Explaining my research to a high school student
“If you can't explain it to a six year old, you don't understand it yourself.”
― Albert Einstein
In this post, I am going to take up a challenge. I don’t think I am at the level where I can explain my PhD research topic to a six year old. But I can try to explain it to a first year engineering undergraduate or a high school student as a starting point.
Let’s say you are in Hogwarts (who said research can’t be fun?). We have new students coming to Hogwarts, and we want to classify them into our houses: Gryffindor, Hufflepuff, Ravenclaw, and Slytherin. But unfortunately, our sorting hat has been stolen and Prof. Dumbledore has chosen one of his favorite student (you) to come up with a way to classify new students into houses. It is a hard task, but don’t worry, I am here to help you along with a few teachers from Hogwarts. Prof. McGonagall has taught you a magic spell, using which you can quickly find out a few characteristics of a student. For example, if the student is honest or not? Or if the student is loyal or not? And many other properties.
But that spell alone is not enough. You may know the characteristics of a student, but you also need to understand the characteristics of houses. You can use the already classified older students for understanding the house characteristics. On top of all that, you also have to make sure that your classification technique or algorithm is transparent and understandable by others. So, if a student is not happy with the house you assigned to them, you can always explain why you did so.
After studying a lot of mathematics, you decide to create a simple, easy to explain decision rule for each of the houses. One rule for Gryffindor, one for Hufflepuff, one for Ravenclaw and one for Slytherin. This rule will be based on the characteristics of a student. For example, the rule for Gryffindor could be: If a student is (brave AND emotional) OR (optimistic AND honest AND loyal) then the student deserves to be in Gryffindor. Similar for other houses. But how to create such rules?
That’s when you come to me. As a part of my research, I have studied a model developed by Sanjeeb Dash and others that can help with this task of creating rules. To use it, we need the data for our older students, who are already classified into different houses. Let’s pick Slytherin for example. We list the characteristics on the top and create a table with each row representing a student. Something like this.
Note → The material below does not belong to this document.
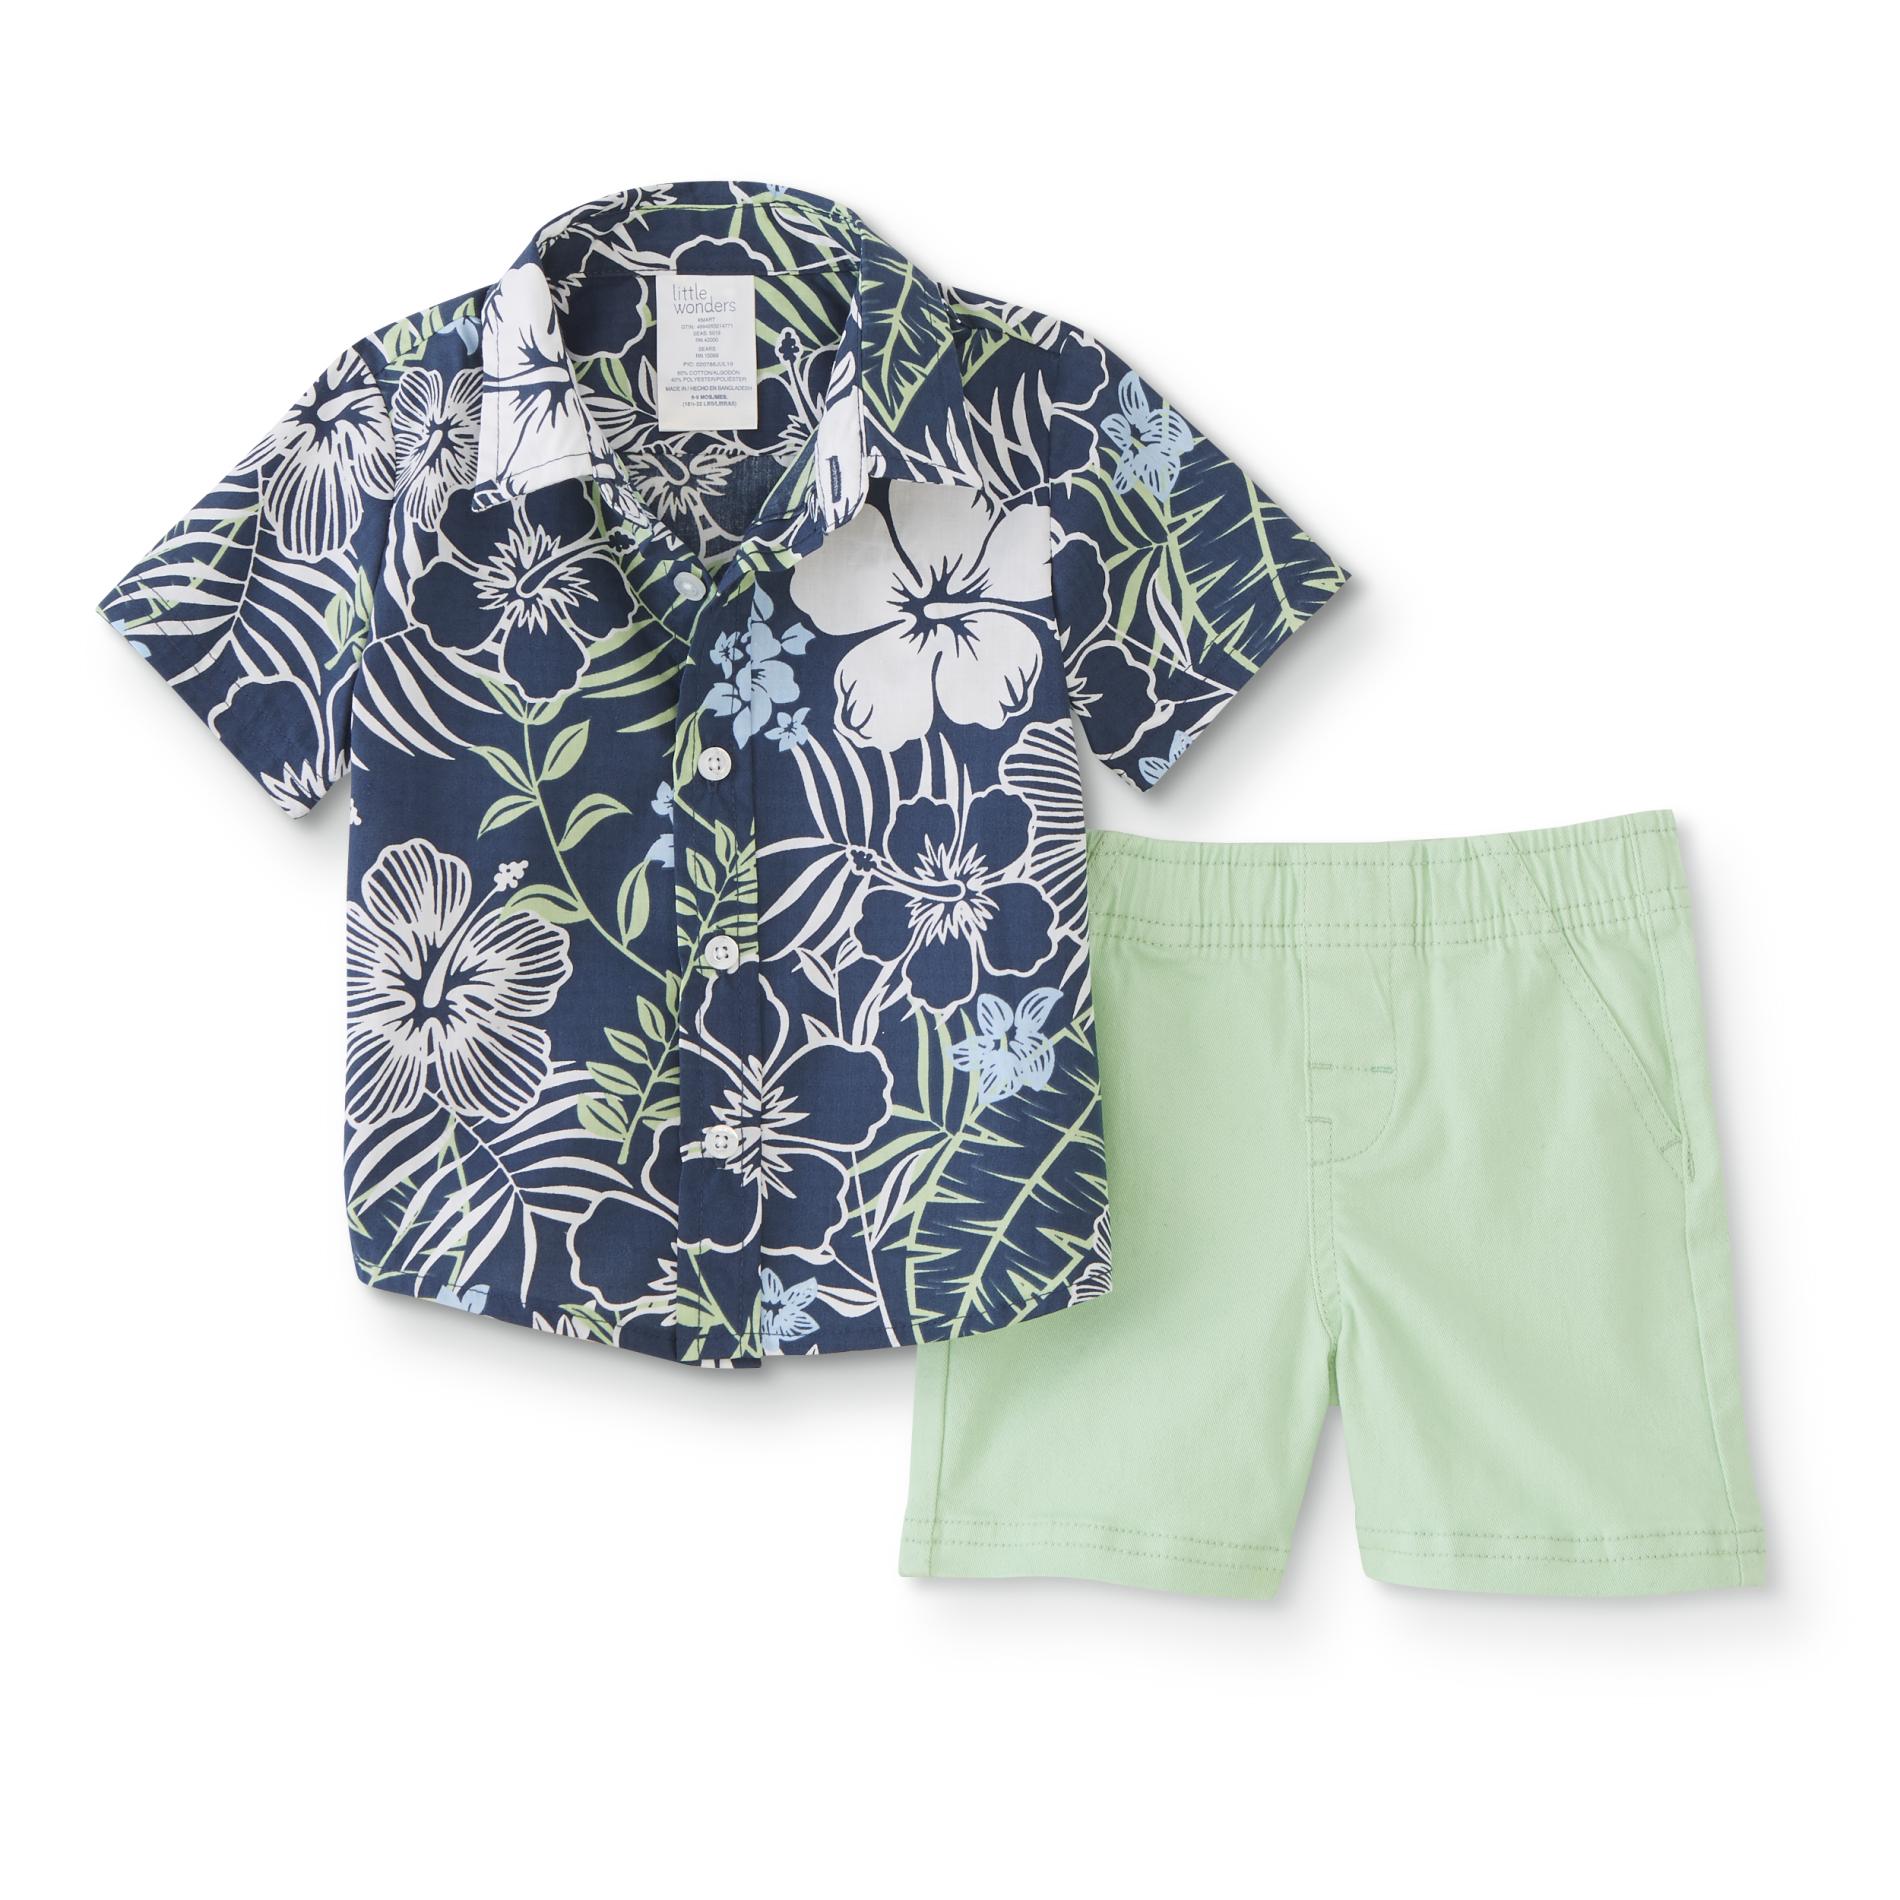 Little Wonders Infant Boys' Shirt & Shorts - Tropical

To make our lives easier, let’s label the characteristics as follows: Ambitious = x1, Cunning = x2, Chivalrous = x3 and so on. Let’s also replace the ‘Yes’ by 1 and ‘No’ by 0. The table will look something like this.
We want some of these characteristics to be part of our rule for Slytherin. We will design our rule in a particular format. It will be OR-of-ANDs. For example, (x1 AND x3) OR (x2 AND x4 and x7) OR (x13). This is also known as disjunctive normal form (DNF). Each AND term in the brackets like (x1 AND x3) is a clause. So, if a student has all the characteristics of any bracket, or in other words, satisfies at least one of the clauses in the rule, they pass our rule test. Our task is now to just select a few clauses for our rule, and we are done. Let’s represent those clauses by w variables as follows: use w1 for (x1 AND x2), w2 for (x1 AND x3), …, w150 for (x1 AND x4 AND x7 AND x11), and so on. If w1 = 1, we use the clause (x1 AND x2) in our rule and if w1 = 0, we don’t. Similar for the other clauses.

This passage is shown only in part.